◆ Problem to solve: An exact copy of all the data below is needed, without its pictures.

◆ Data provided:
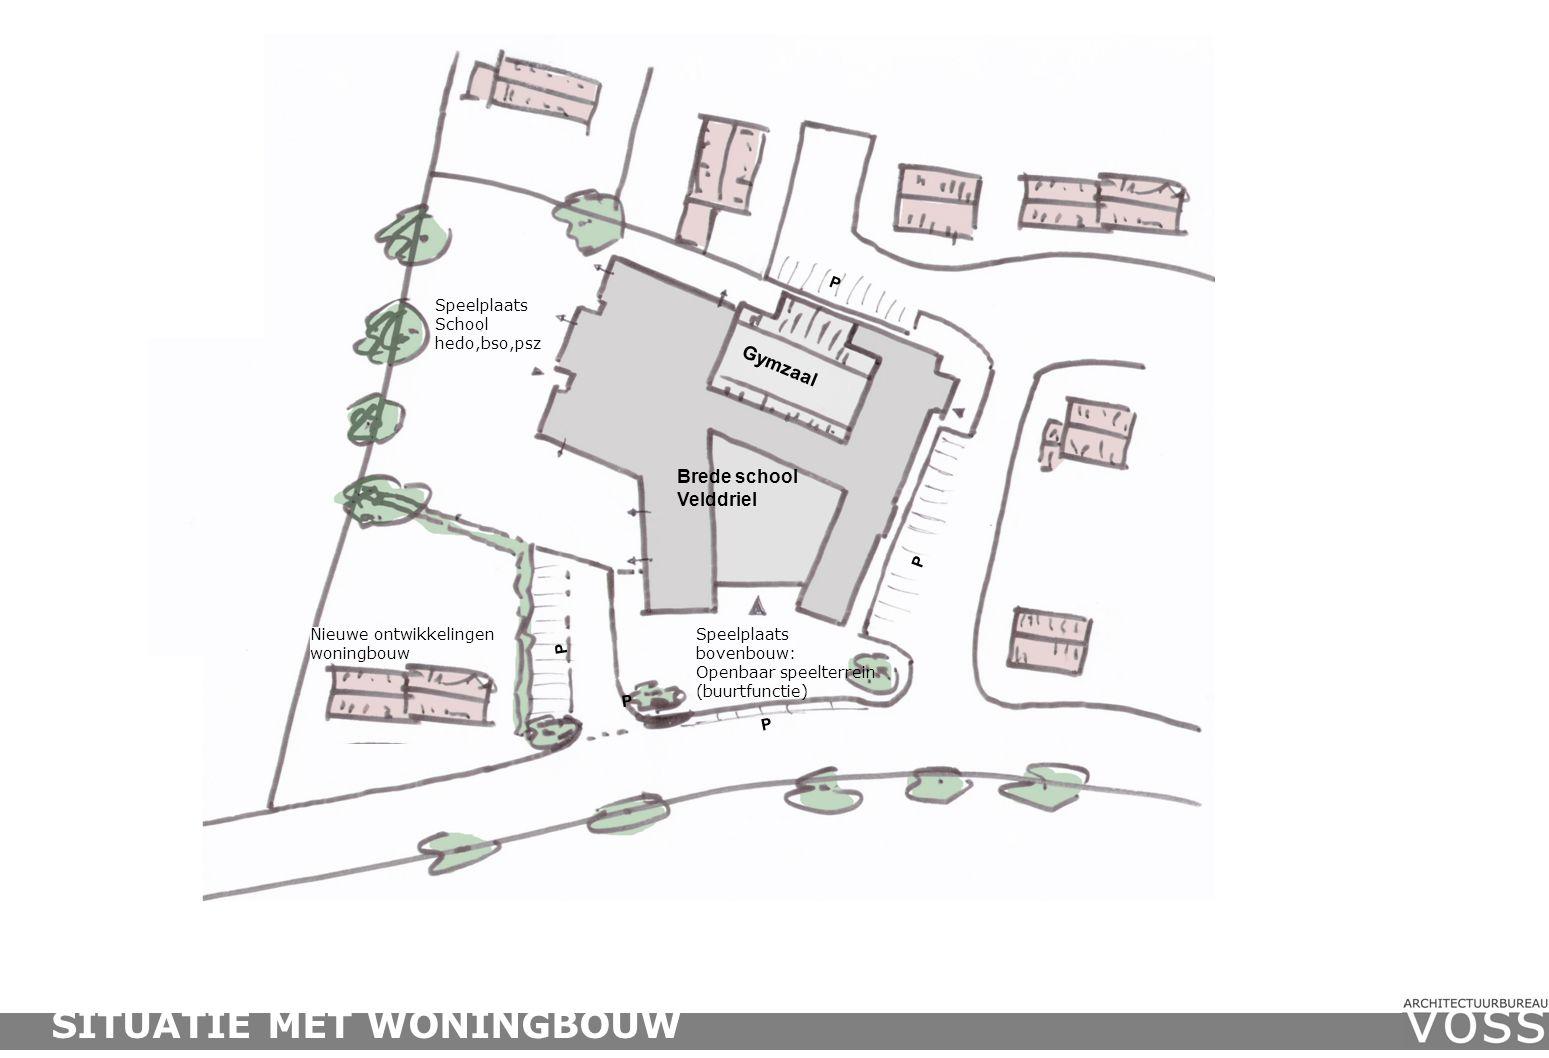 Speelplaats School hedo,bso,psz Nieuwe ontwikkelingen woningbouw Speelplaats bovenbouw: Openbaar speelterrein (buurtfunctie) Brede school Velddriel P Gymzaal P P P P SITUATIE MET WONINGBOUW
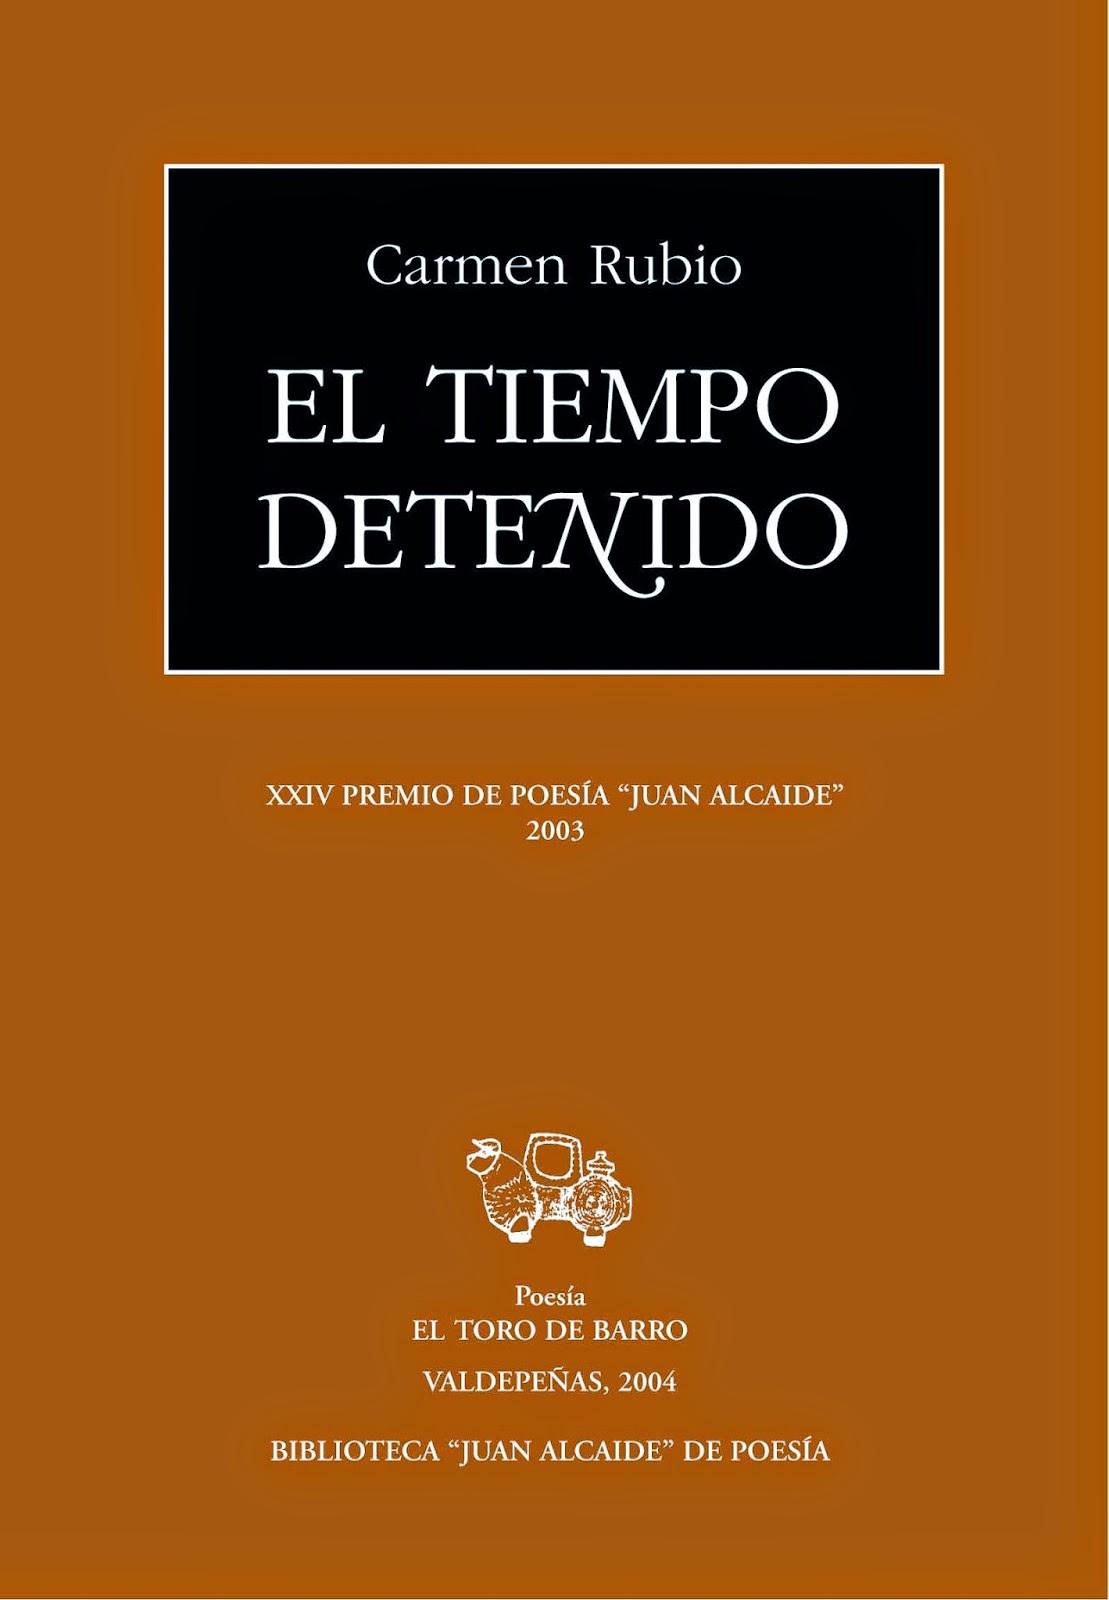 """Carmen Rubio, """"El tiempo detenido""""  Premio Juan Alcaide de poesía.  Ed. El Toro de Barro, Carlos Morales ed.  Tarancón de Cuenca, 2004.  edicioneseltorodebarro@yahoo.es  PVP: 10 euros."""
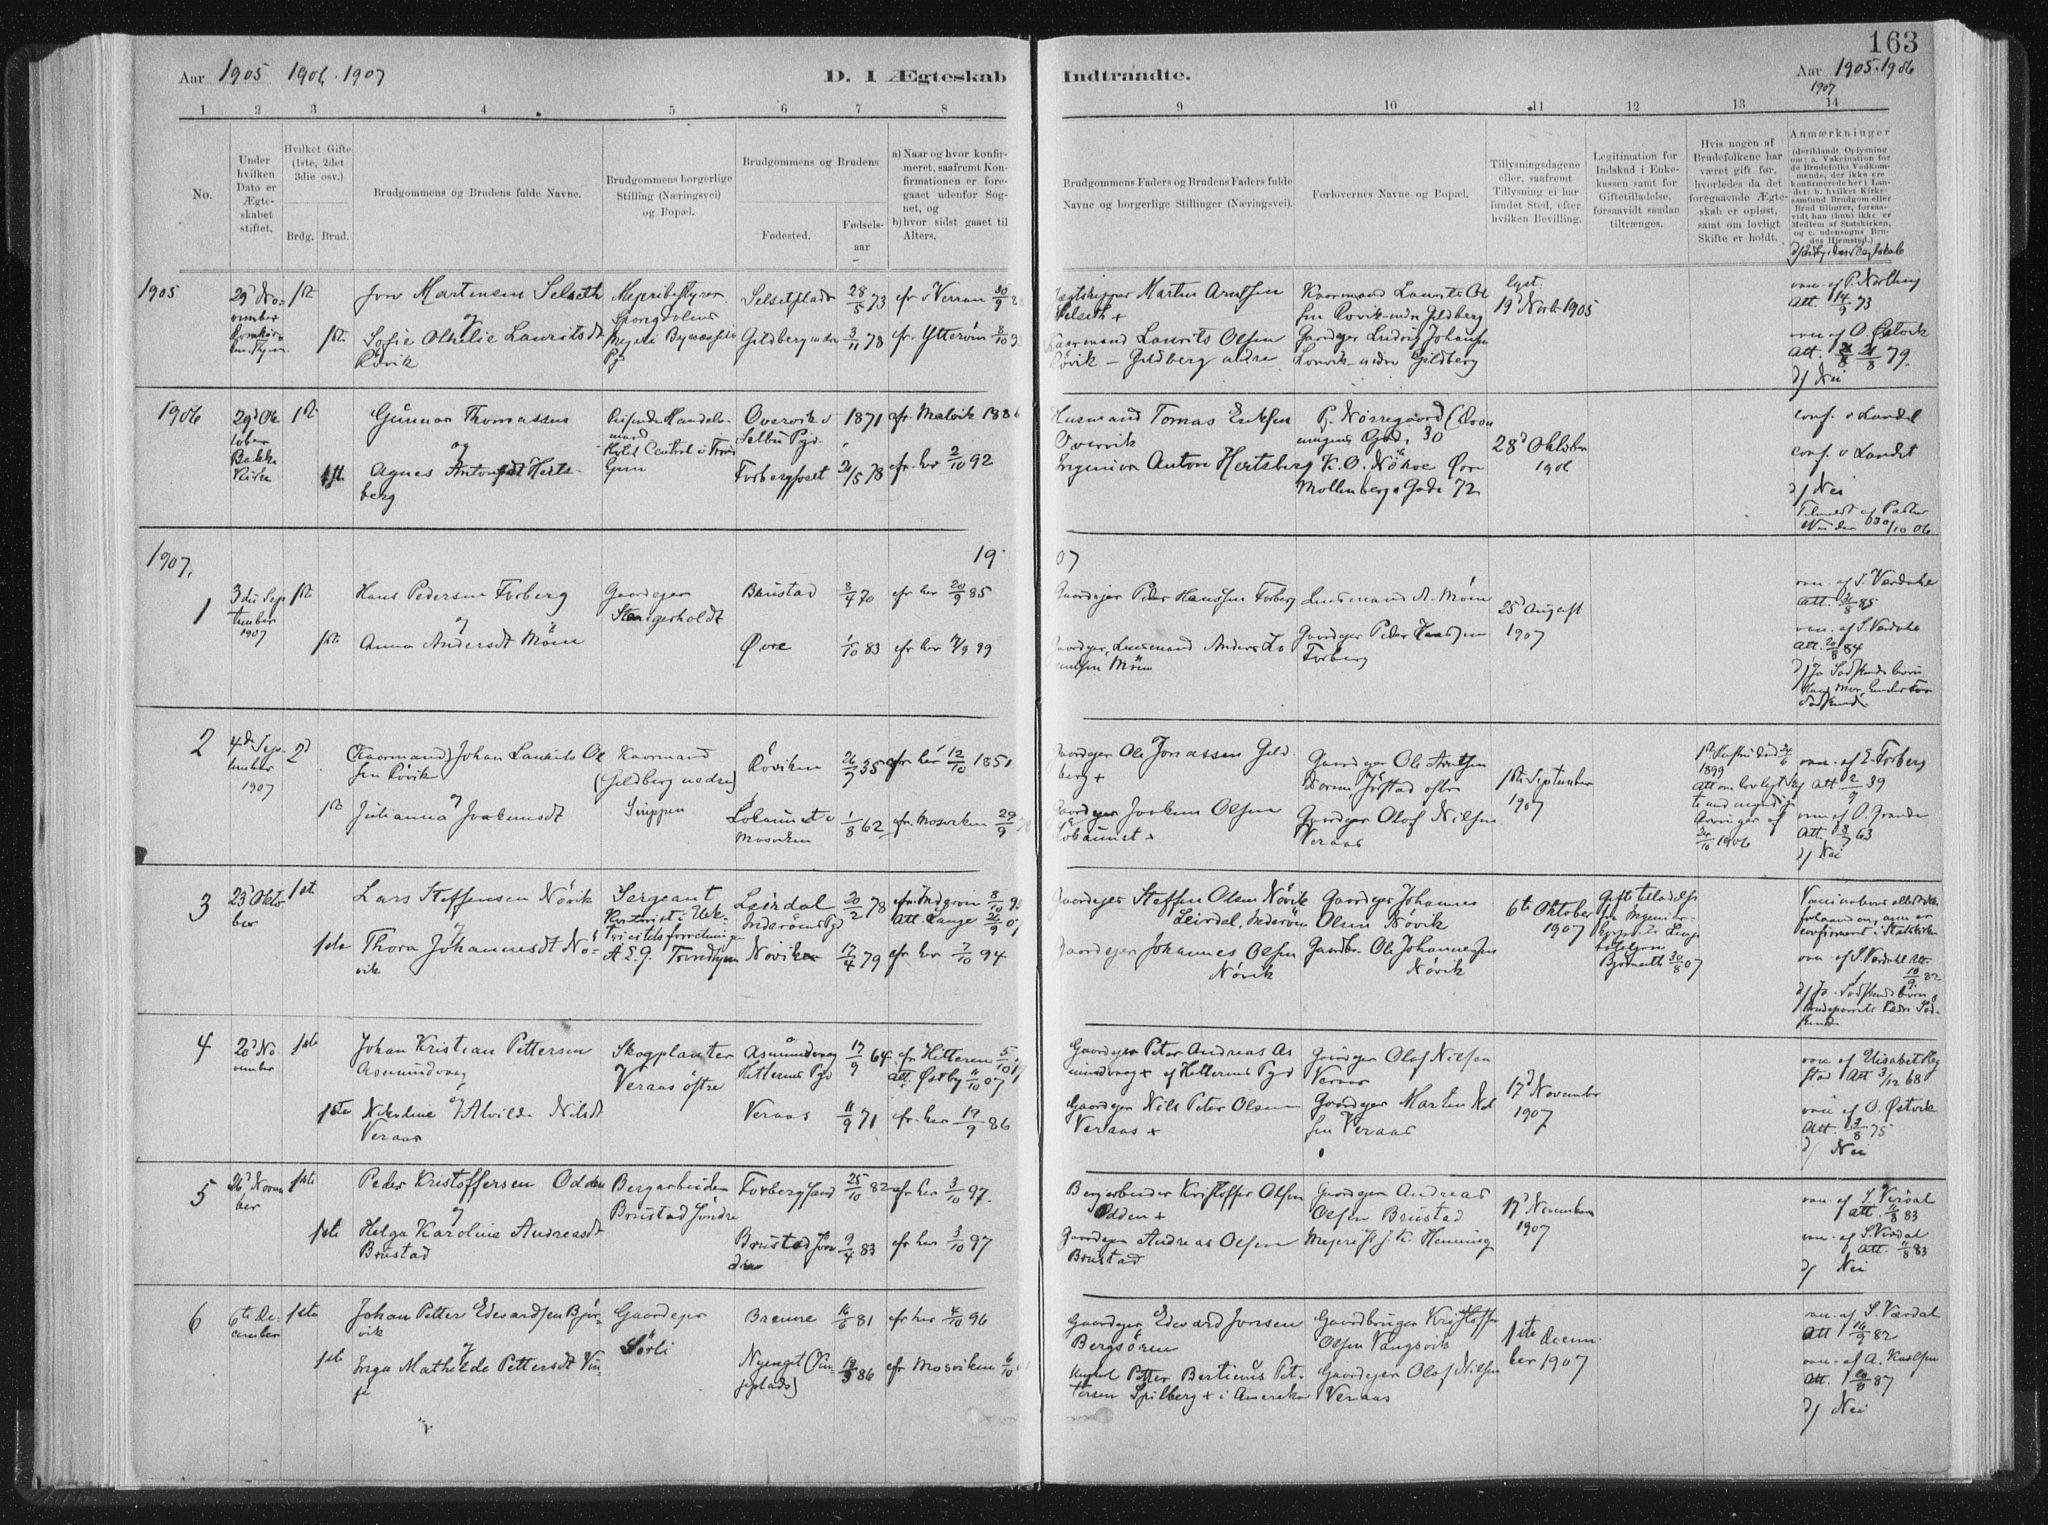 SAT, Ministerialprotokoller, klokkerbøker og fødselsregistre - Nord-Trøndelag, 722/L0220: Ministerialbok nr. 722A07, 1881-1908, s. 163

◆ Solution to this task:
 Speelplaats School hedo,bso,psz Nieuwe ontwikkelingen woningbouw Speelplaats bovenbouw: Openbaar speelterrein (buurtfunctie) Brede school Velddriel P Gymzaal P P P P SITUATIE MET WONINGBOUW
 """Carmen Rubio, """"El tiempo detenido""""  Premio Juan Alcaide de poesía.  Ed. El Toro de Barro, Carlos Morales ed.  Tarancón de Cuenca, 2004.  edicioneseltorodebarro@yahoo.es  PVP: 10 euros."""
 SAT, Ministerialprotokoller, klokkerbøker og fødselsregistre - Nord-Trøndelag, 722/L0220: Ministerialbok nr. 722A07, 1881-1908, s. 163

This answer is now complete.